A study by researchers in Leeds in the UK aimed to evaluate risk mitigation strategies during AGPs by measuring viral air concentrations during crown preparation and root canal access procedures. The procedures were carried out using an air turbine or high-speed contra-angle handpiece (HSCAH) with the mitigation strategies rubber dam or high-speed aspiration or with no mitigation strategy.

The researchers wrote: “Compared to an air turbine, the HSCAH reduced settled bioaerosols by 99.72%, 100.00%, and 100.00% for no mitigation, aspiration, and rubber dam, respectively. Bacteriophage concentrations in the air were reduced by 99.98%, 100.00%, and 100.00% with the same mitigations. Use of the HSCAH with high-volume aspiration resulted in no detectable bacteriophage, both on non-splatter settle plates and in air samples taken 6 to 10 minutes post-procedure.”

The researchers concluded that the use of HSCAH together with high-volume aspiration or a rubber dam meant that a prolonged fallow period could be avoided. “Equipping our dental surgeries with these tools will be crucial to protecting the health, safety, and future of dental teams and services,” they wrote.

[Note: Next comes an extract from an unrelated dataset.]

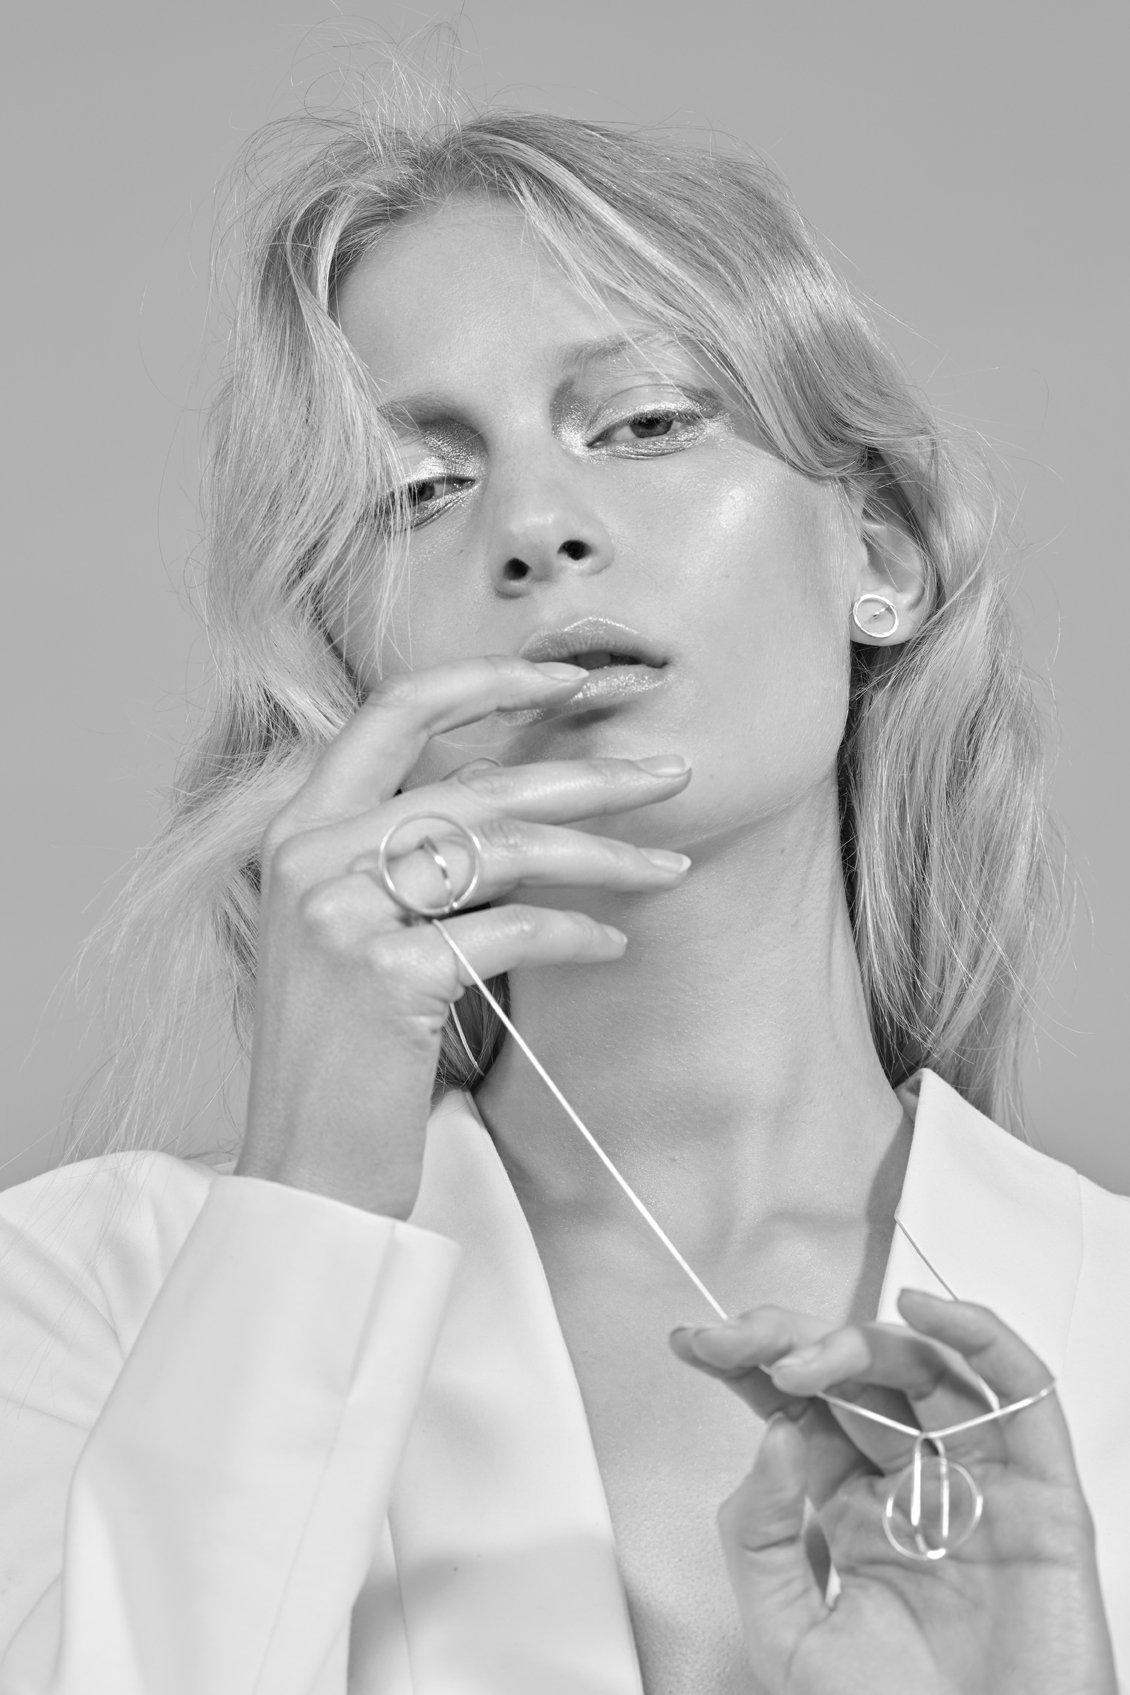 Biżuteria Balance projektu Kasi Wójcik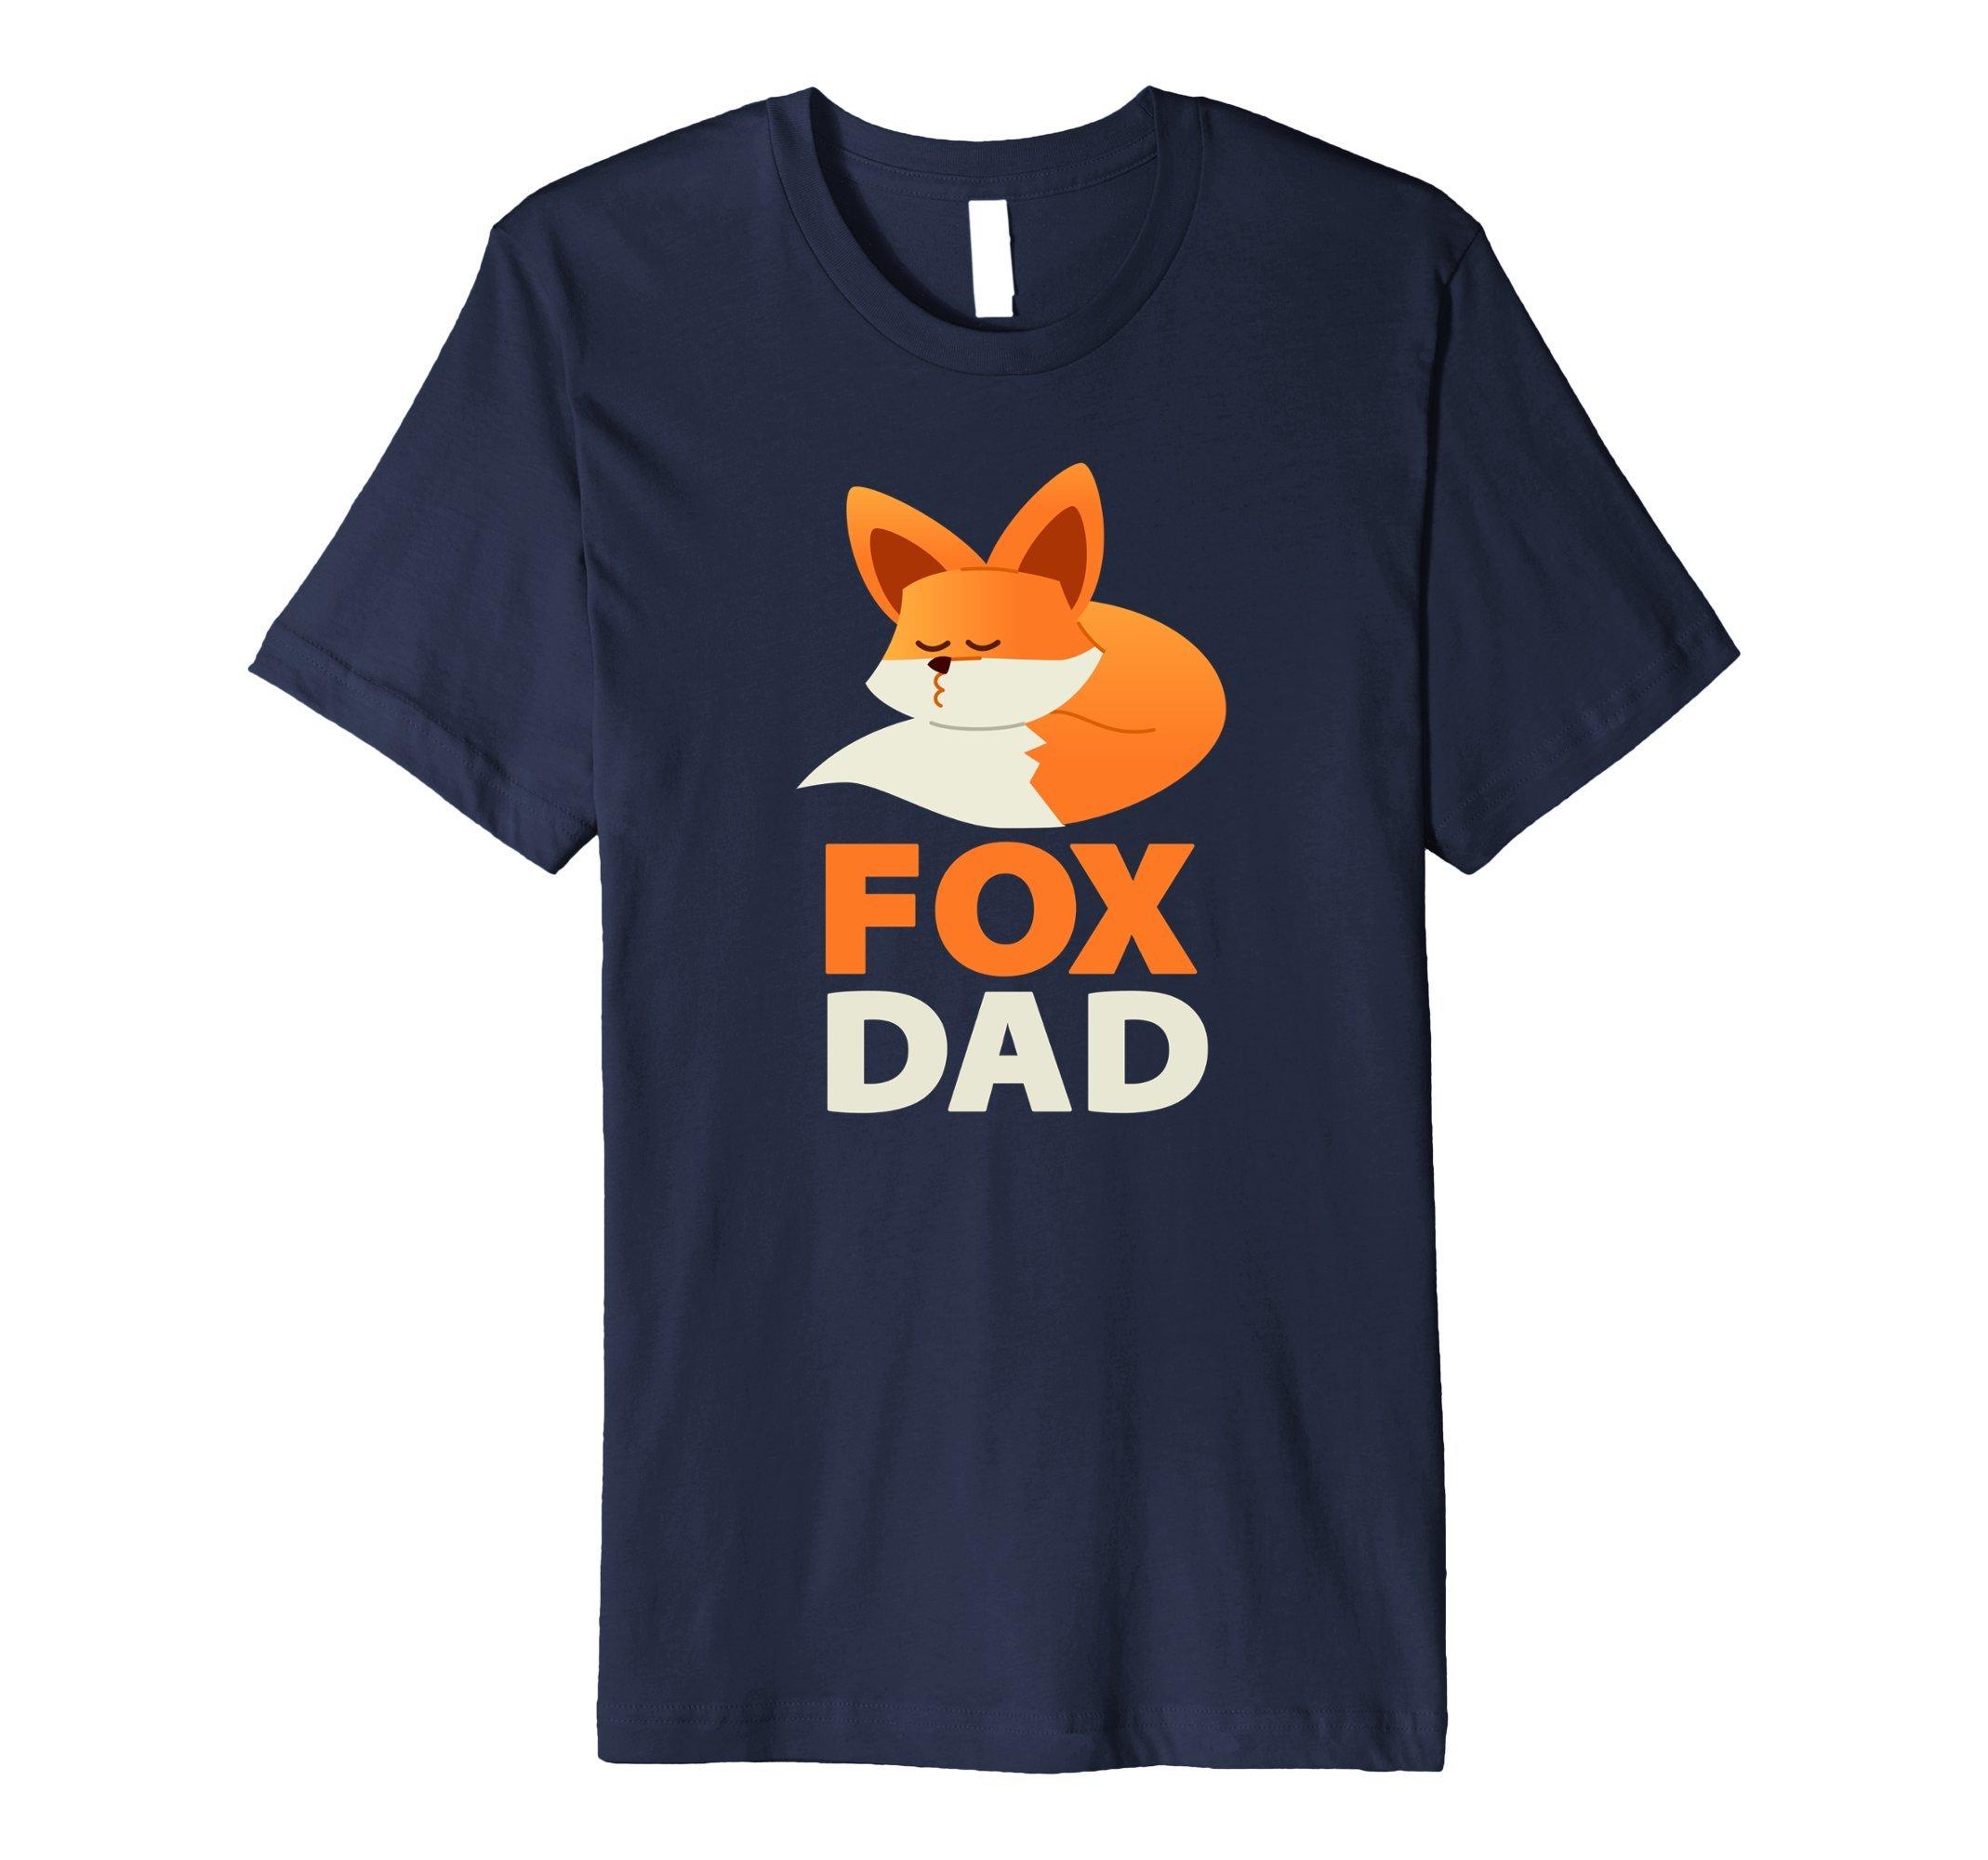 Mens Fox Dad Premium T-shirt Large Navy

The study, titled “Dental mitigation strategies to reduce aerosolization of SARS-CoV-2”, was published in the Journal of Dental Research in August and can be accessed here.

The results of a number of studies suggest that air purifiers do help to reduce the risk of SARS-CoV-2 transmission in dental settings; however, as the SDCEP review found, the subject requires further study, meaning that owner-dentists may have to personally appraise the literature before a general consensus can be reached.